Problem statement -
Only the lines below from the one containing "Carniolan de abejas" through the last line should be set down, exactly as written and with no pictures.

Given information -
•••

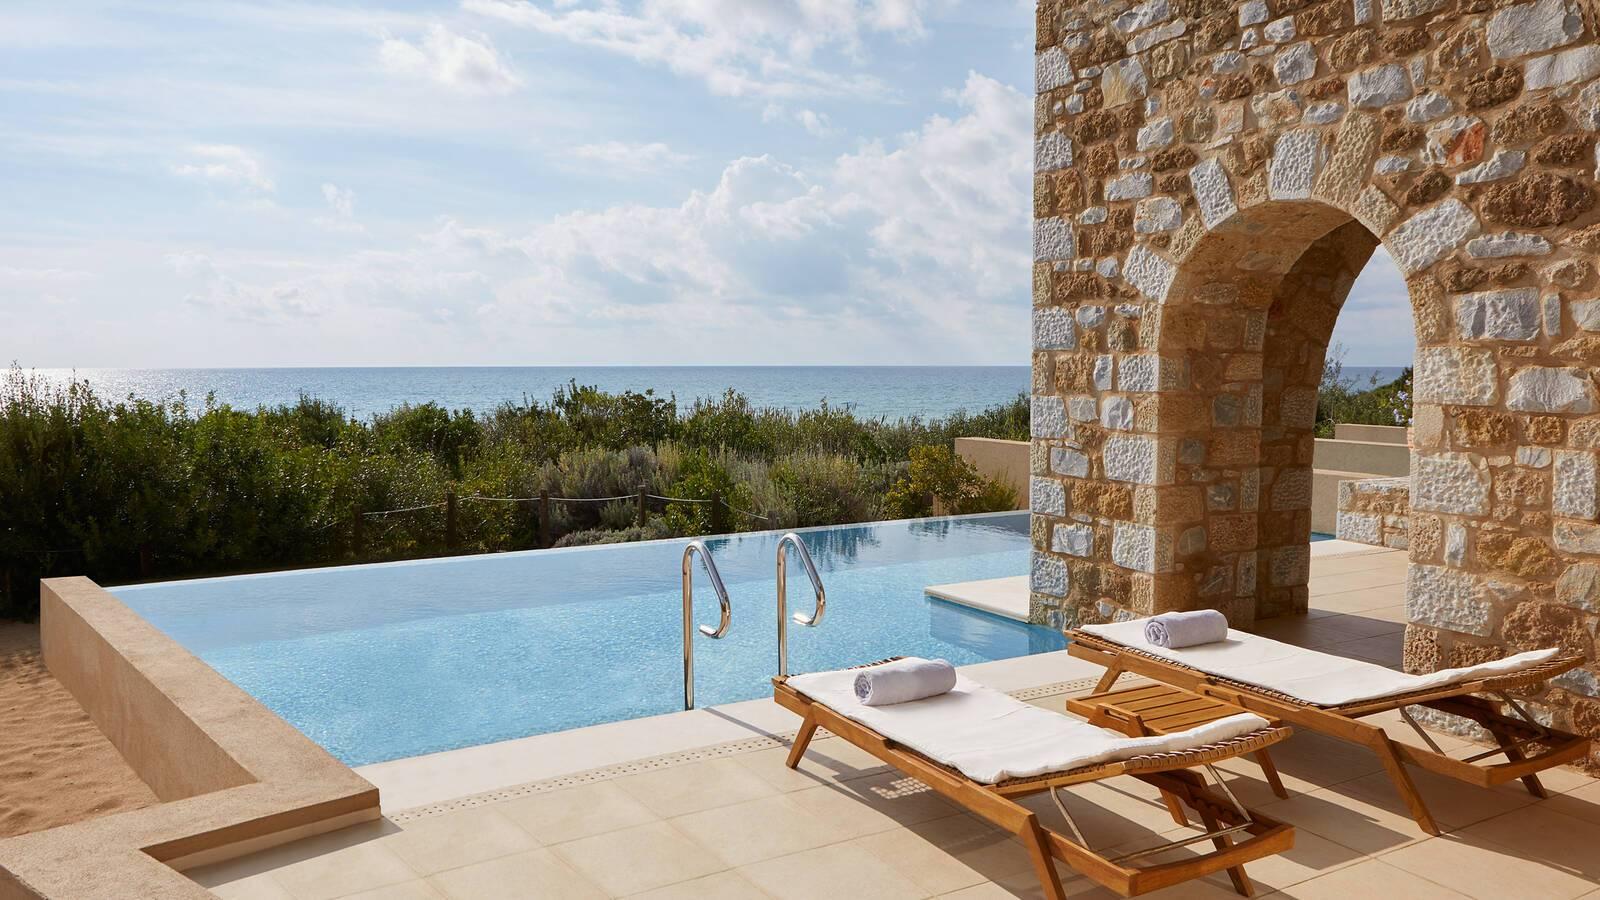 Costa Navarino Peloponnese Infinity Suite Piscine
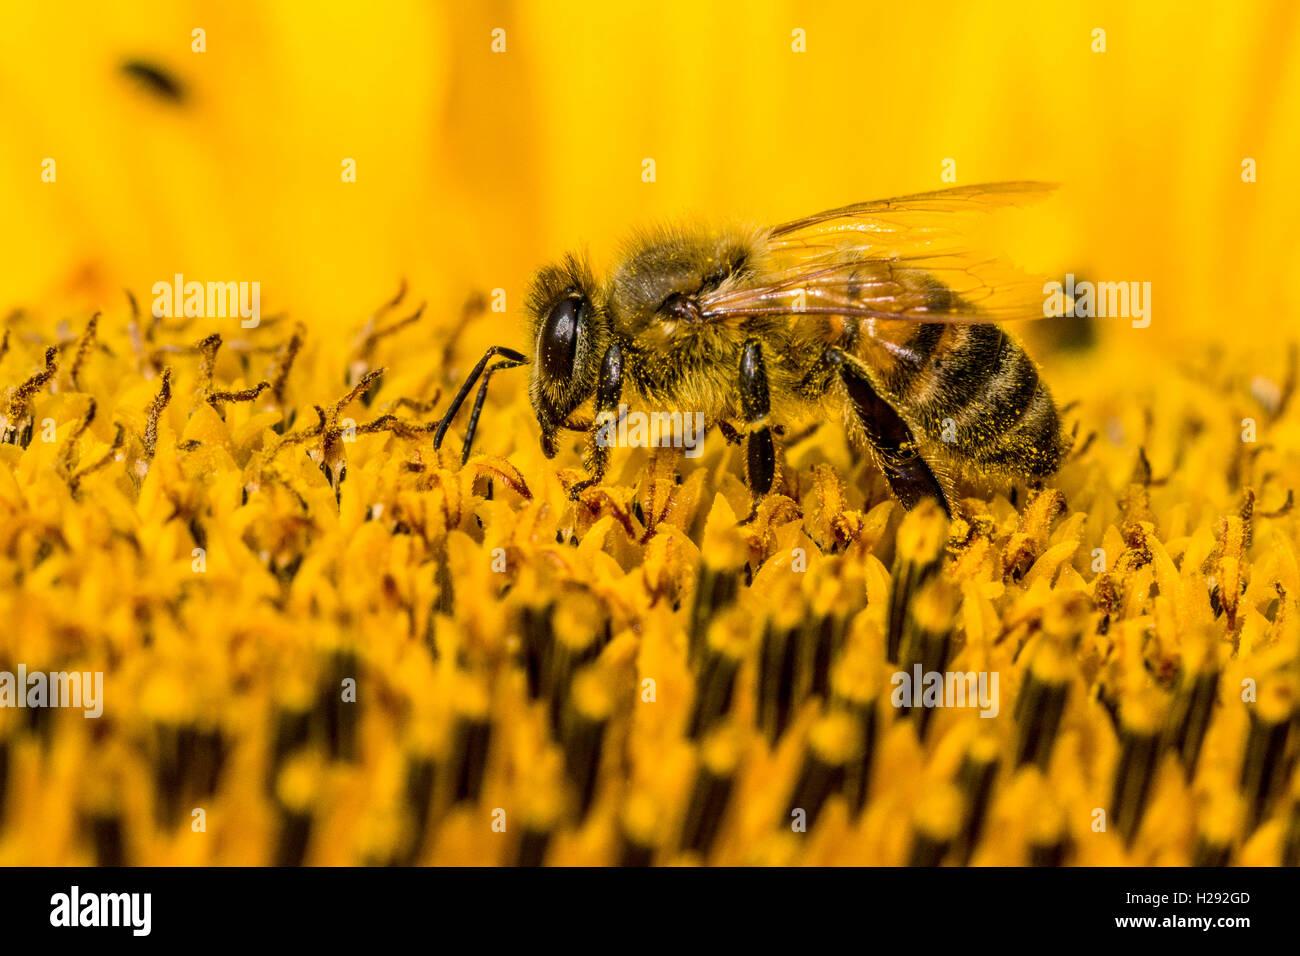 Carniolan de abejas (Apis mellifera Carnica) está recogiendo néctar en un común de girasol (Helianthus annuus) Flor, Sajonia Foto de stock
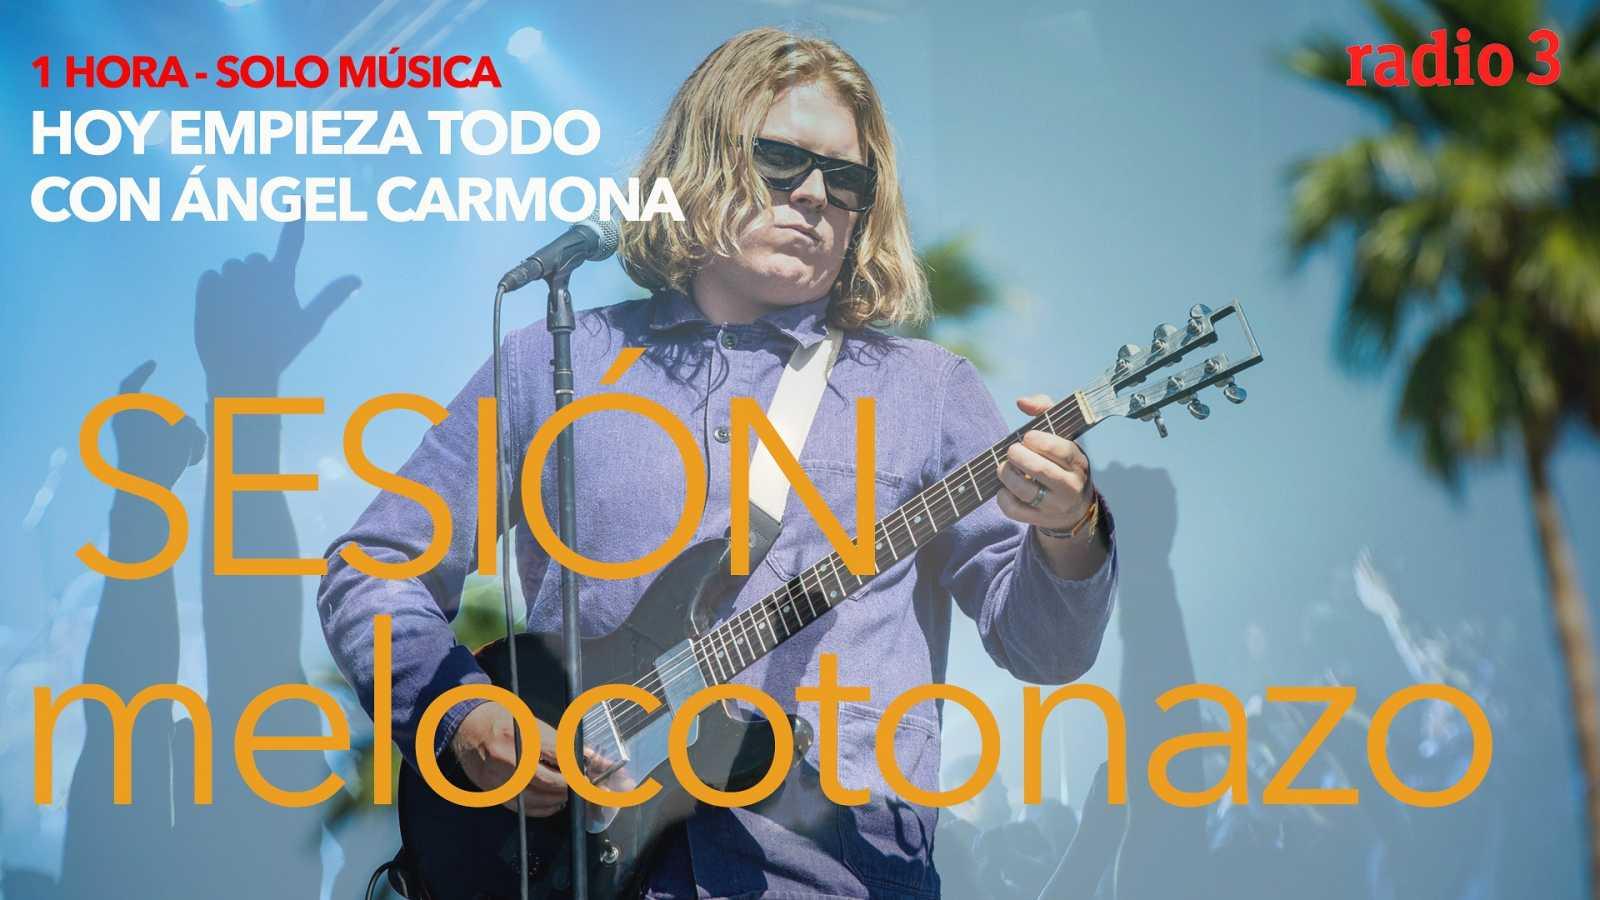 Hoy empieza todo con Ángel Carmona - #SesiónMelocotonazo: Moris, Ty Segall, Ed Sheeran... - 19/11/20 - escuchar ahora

•••

The answer -
 Carniolan de abejas (Apis mellifera Carnica) está recogiendo néctar en un común de girasol (Helianthus annuus) Flor, Sajonia Foto de stock
 Hoy empieza todo con Ángel Carmona - #SesiónMelocotonazo: Moris, Ty Segall, Ed Sheeran... - 19/11/20 - escuchar ahora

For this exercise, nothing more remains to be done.